Exercise aim :: Keep only those lines of the records that include the string "model".

Exercise data ::
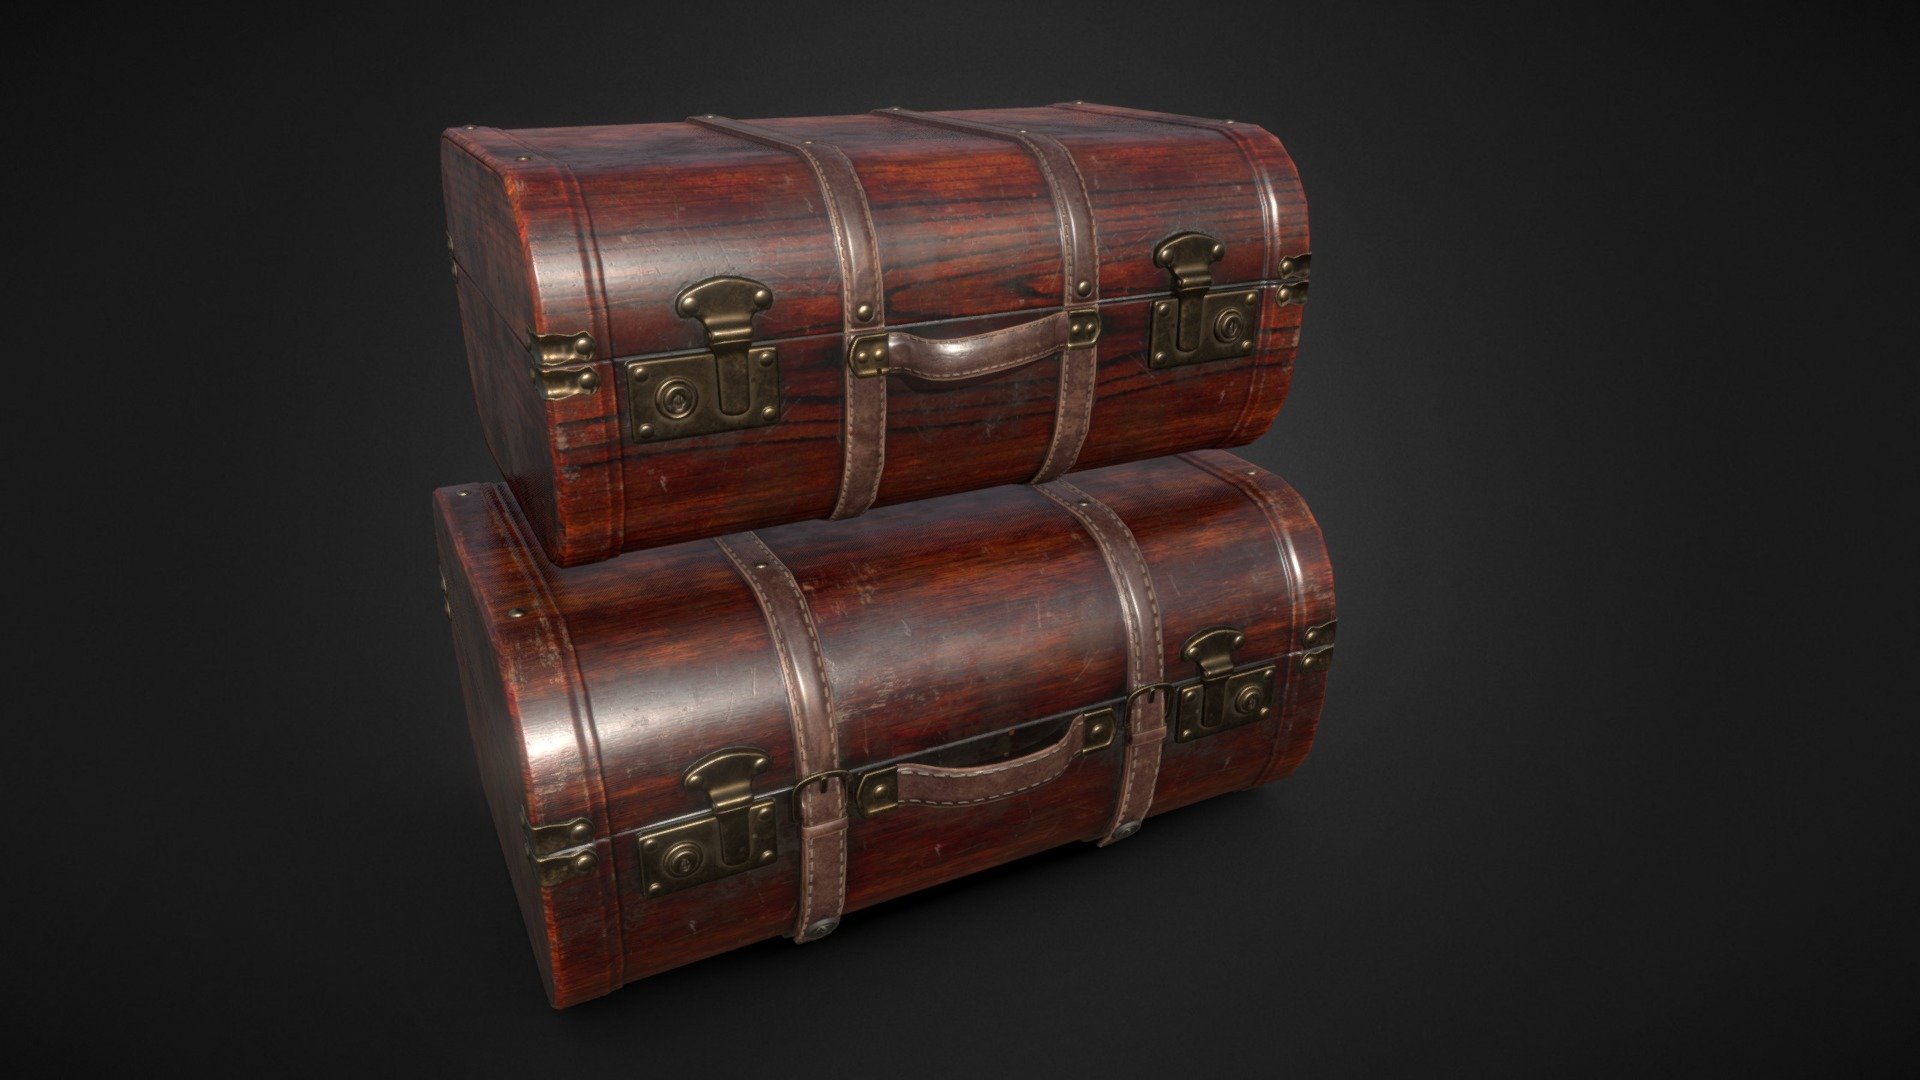 Vintage wooden chests stylized to suitcases.

Low poly game ready model. Total polycount 12390 tris. (5854 and 6536)

2 Items.

PBR Metallic - Roughness (2k for wood and 512 for metal) textures.

Model created on Blender. Textured with Substance Painter 3d model
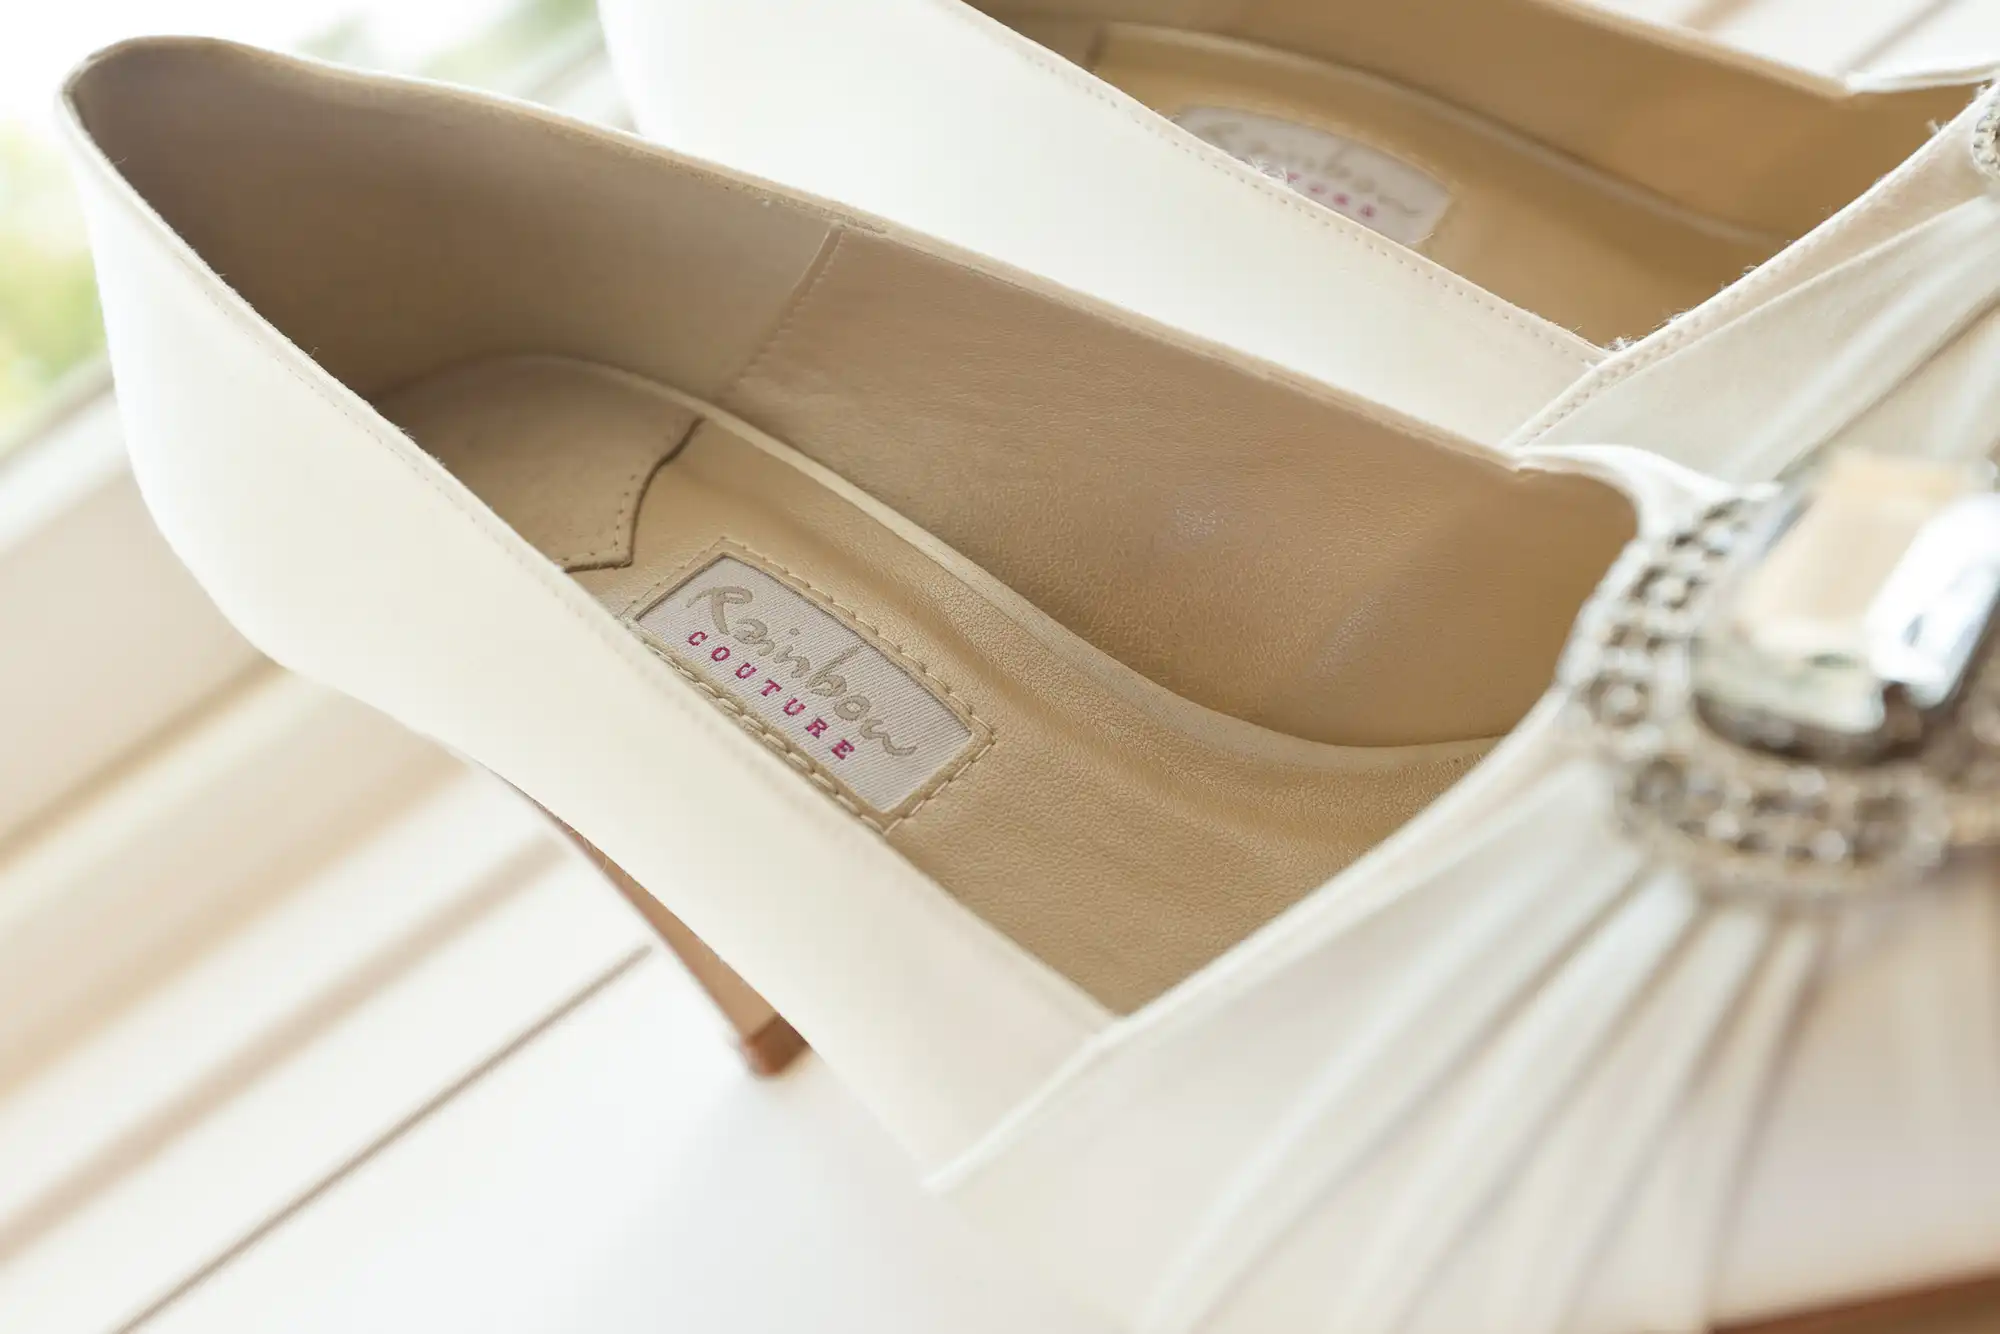 Close-up of elegant white high-heeled shoes with a label reading "rainbow couture" inside.
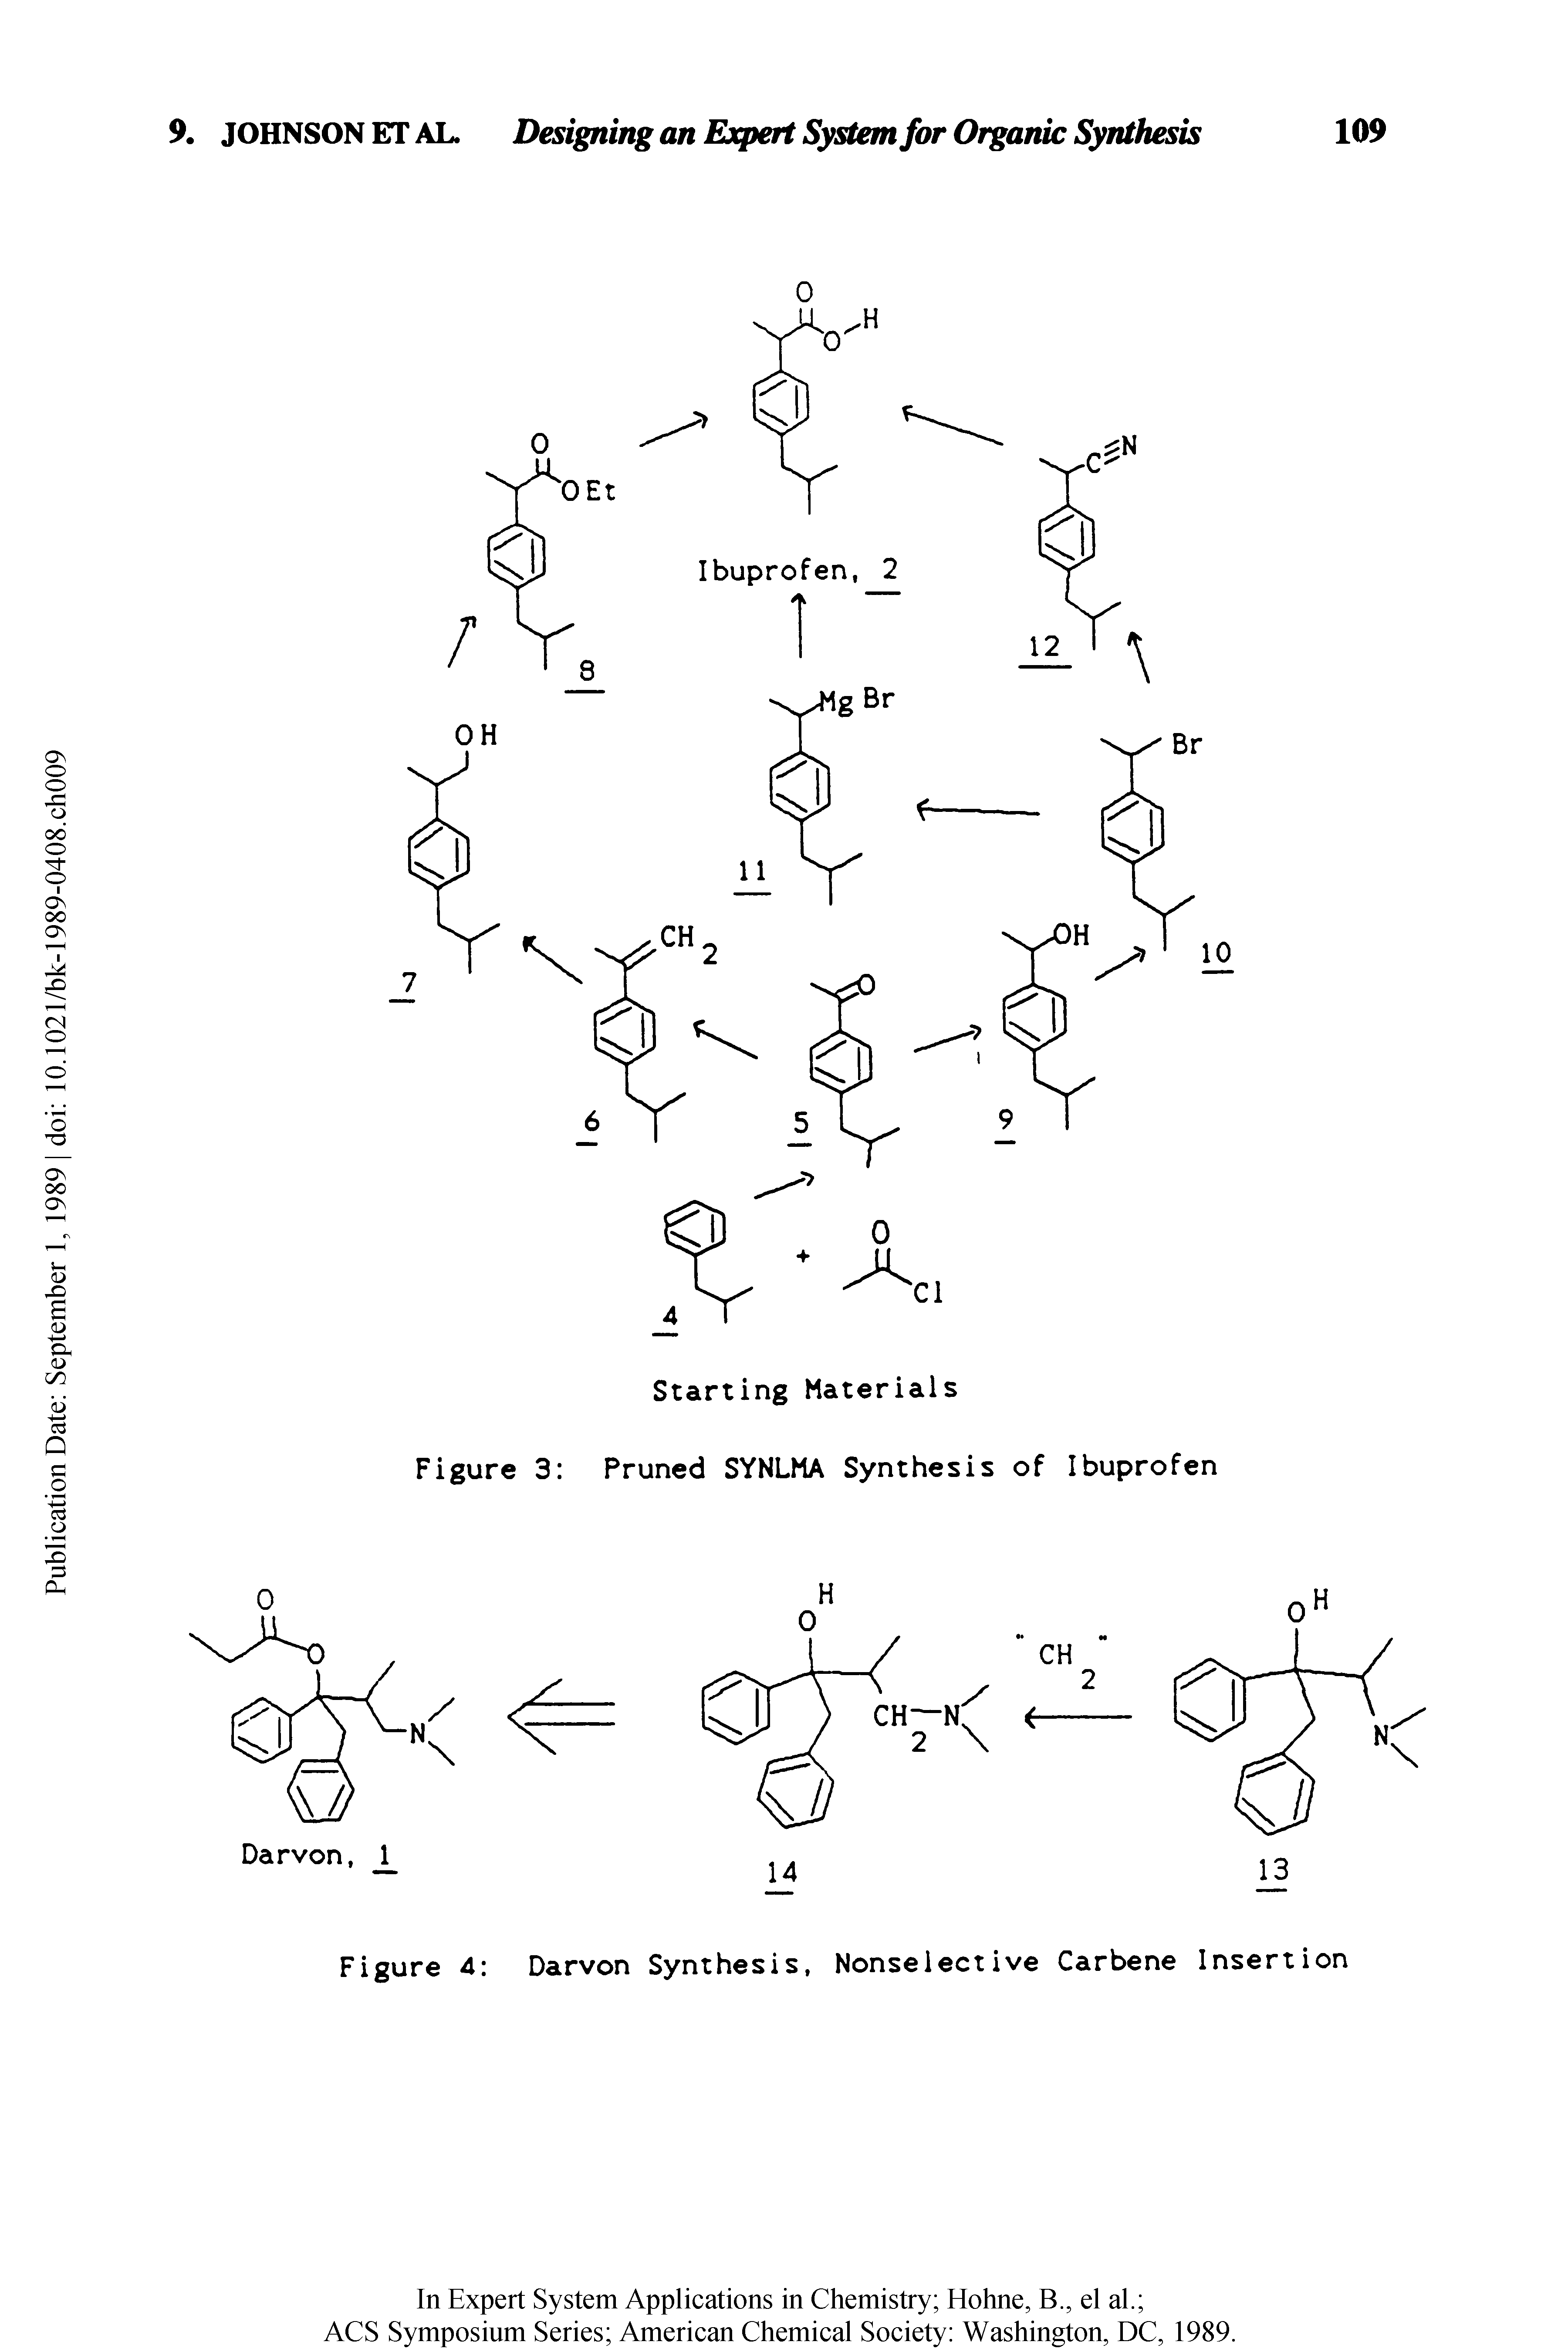 Figure 4 Darvon Synthesis, Nonselective Carbene Insertion...
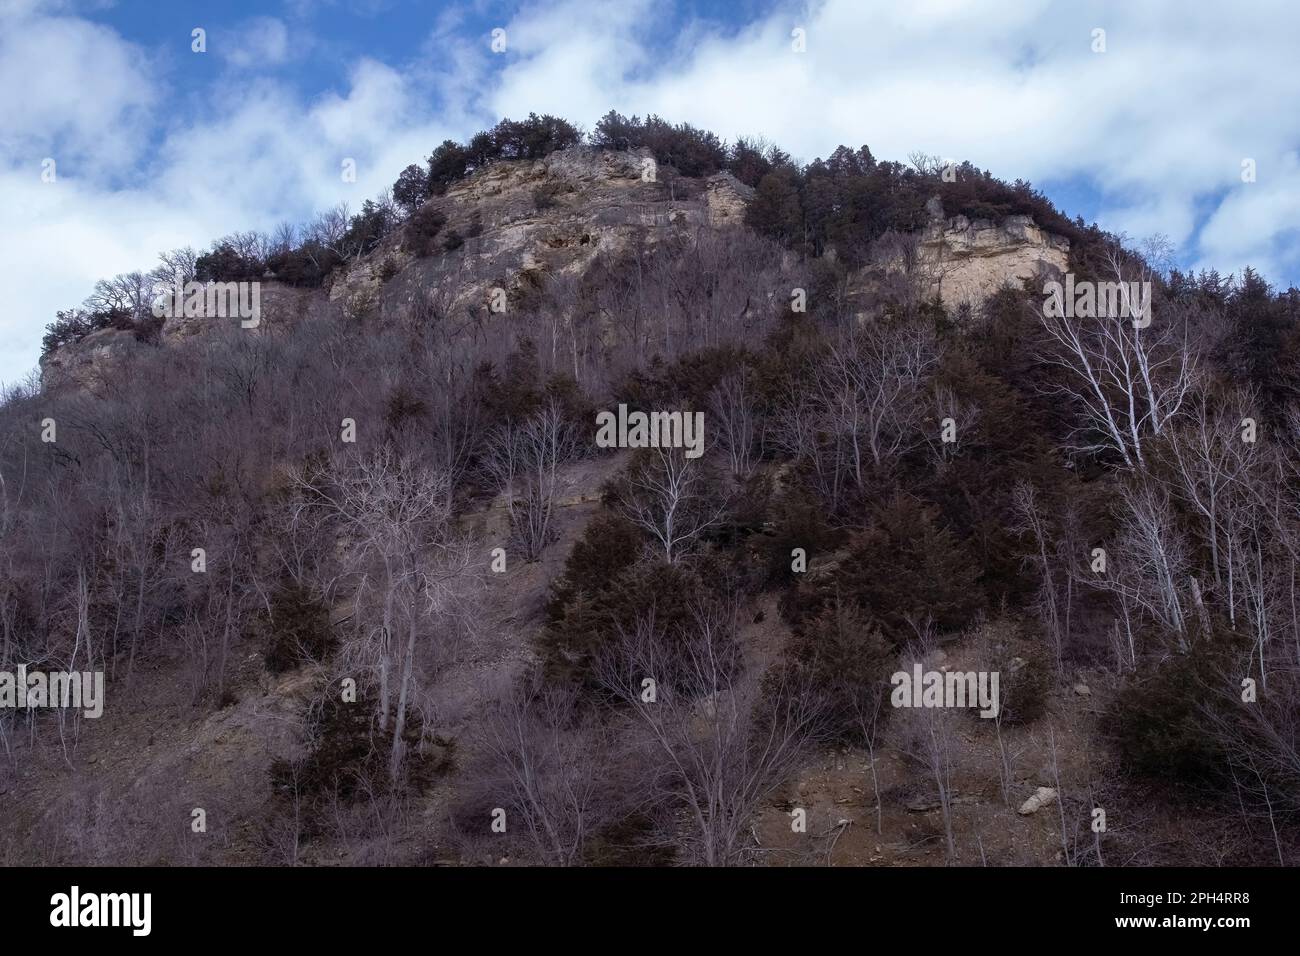 Tall bluff with rock and trees at the overlook across from Lake Pepin in Maiden Rock, Wisconsin USA. Stock Photo

Task response ::
Low poly game ready model. Total polycount 12390 tris. (5854 and 6536)
Model created on Blender. Textured with Substance Painter 3d model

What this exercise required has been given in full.